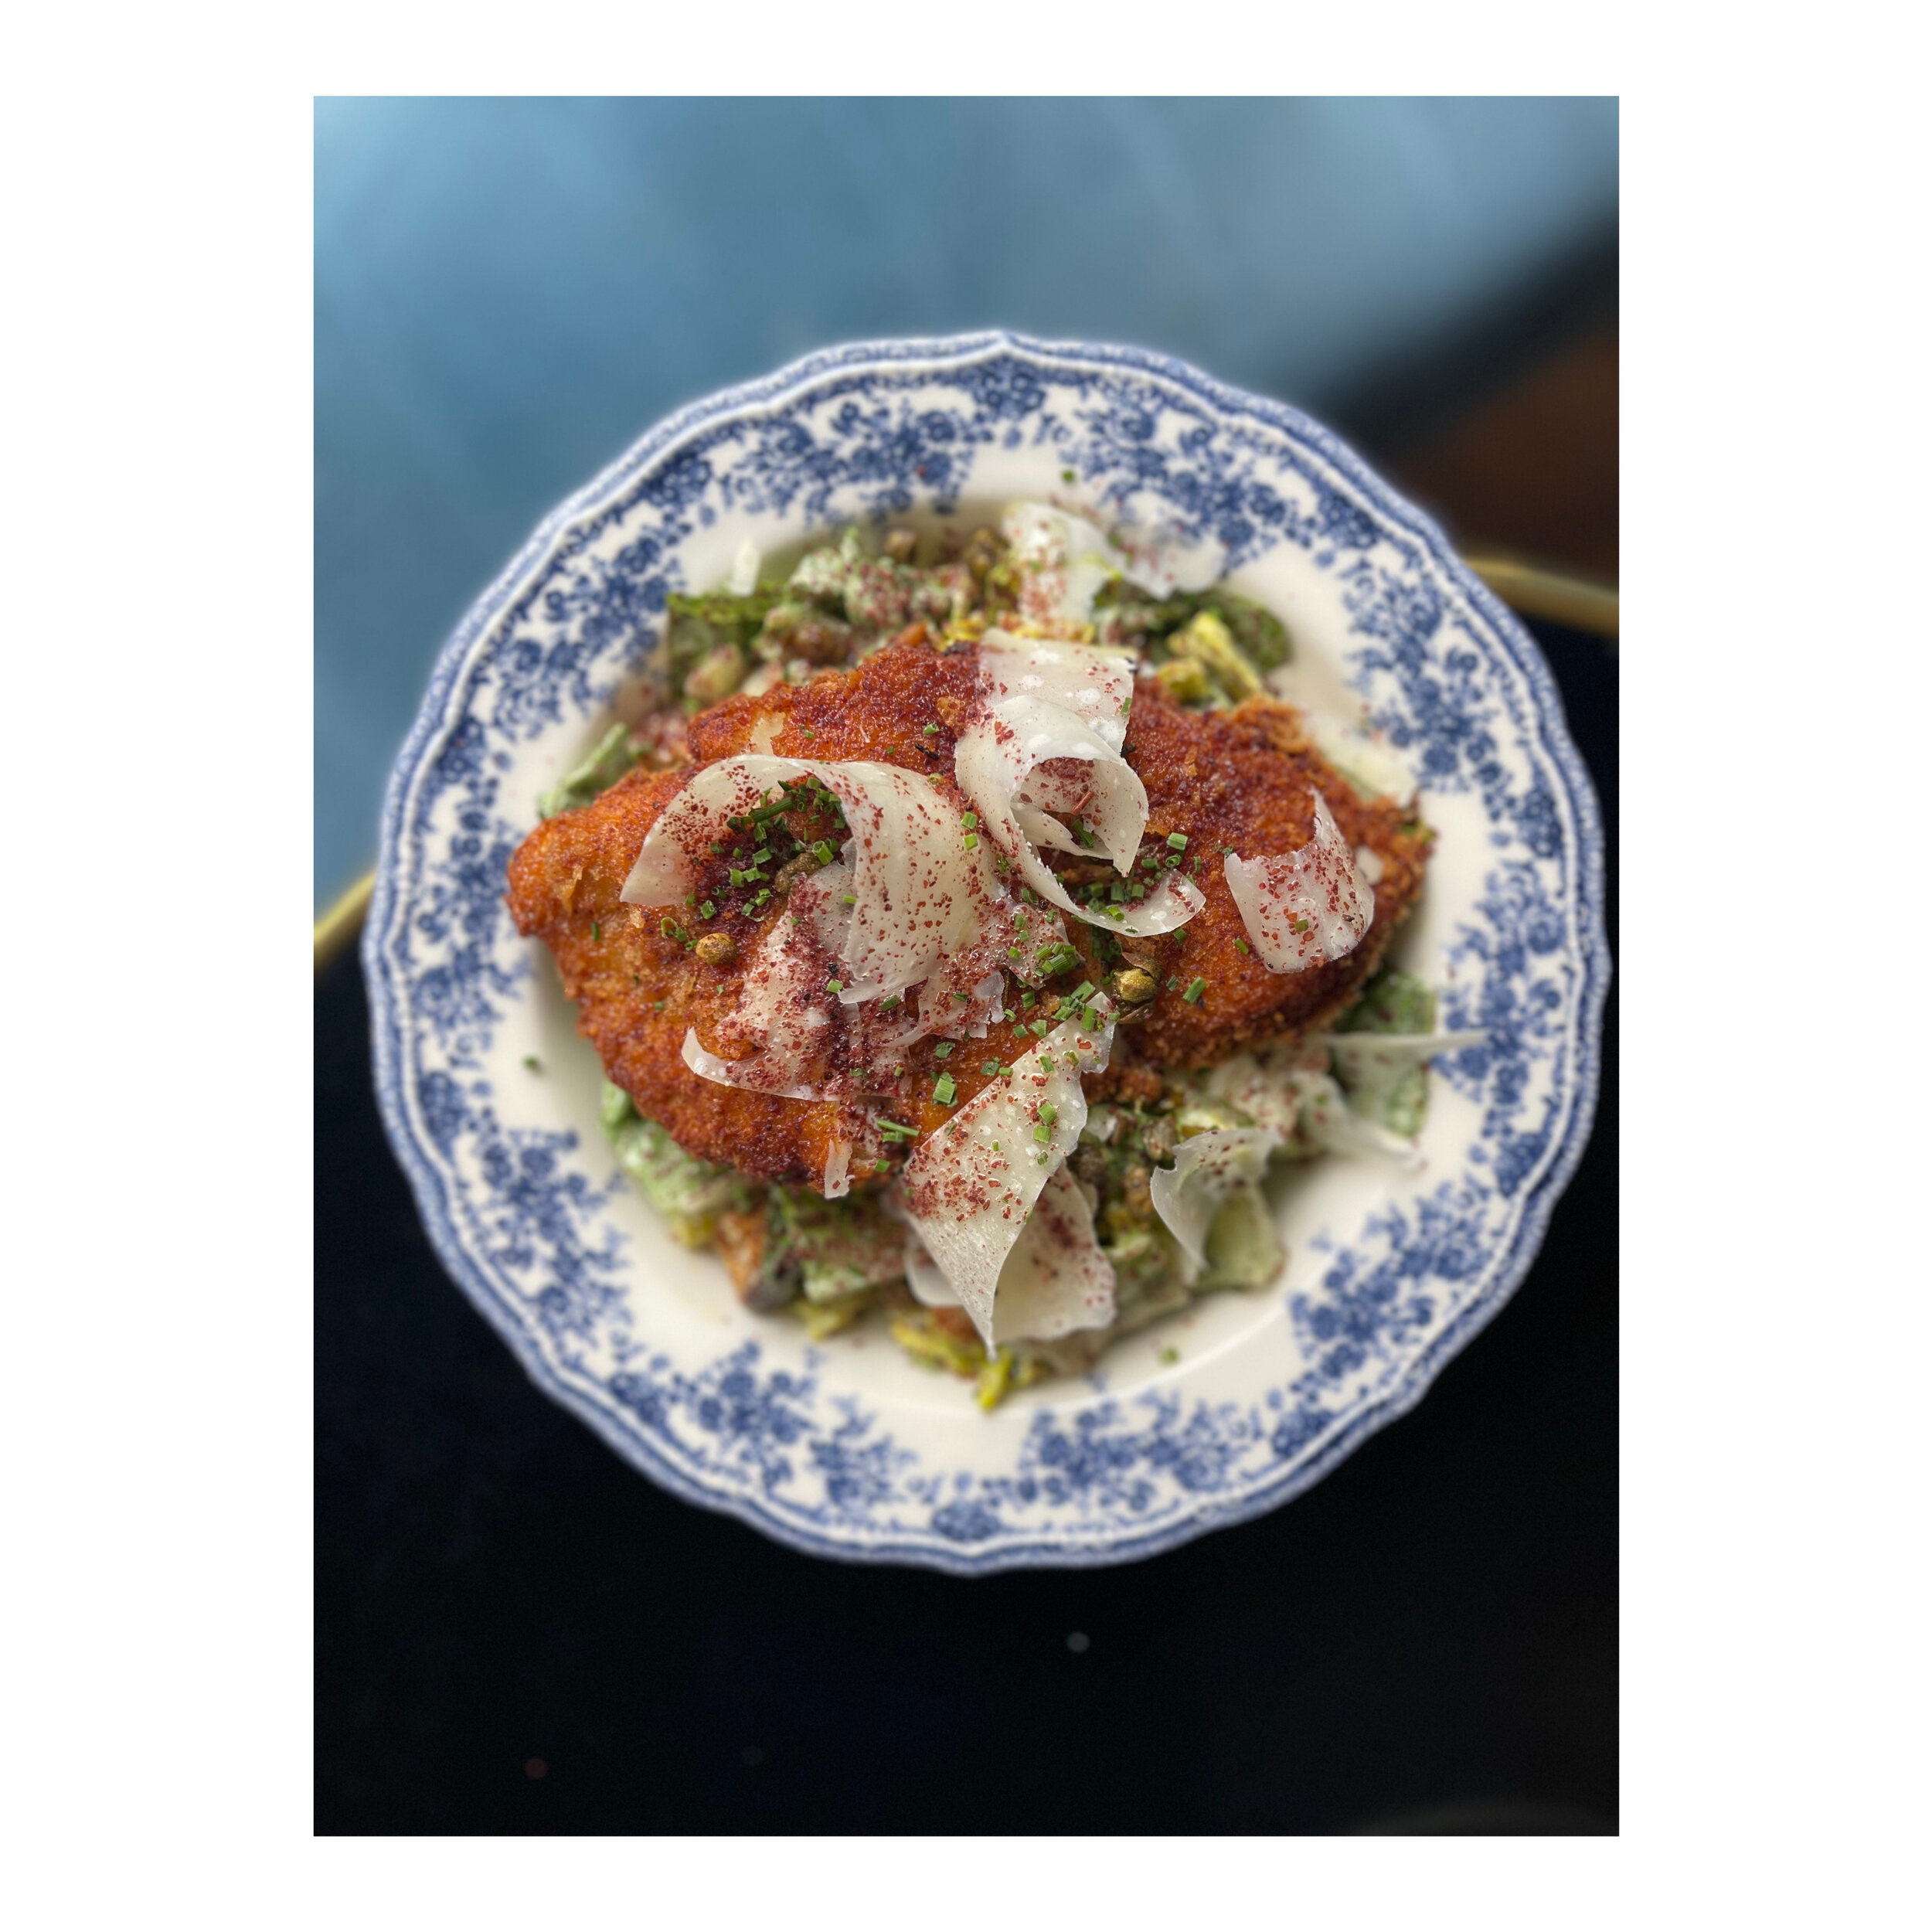 Cesar Schnitzel salad : comme la classique, en mieux☀️⁣
.⁣
.⁣
.⁣
#bagnard #kosherfood #gourmandises#cestmeilleurquandcestbon #parisfoodies#mediterraneanfood #pariseats #saladecompos&eacute;e #saladecesar #schnitzel  #frais
--*--
What is required —
Leaving the pictures aside, give back all the records exactly as they are.

Answer to the problem —
 Cesar Schnitzel salad : comme la classique, en mieux☀️⁣
.⁣
.⁣
.⁣
#bagnard #kosherfood #gourmandises#cestmeilleurquandcestbon #parisfoodies#mediterraneanfood #pariseats #saladecompos&eacute;e #saladecesar #schnitzel  #frais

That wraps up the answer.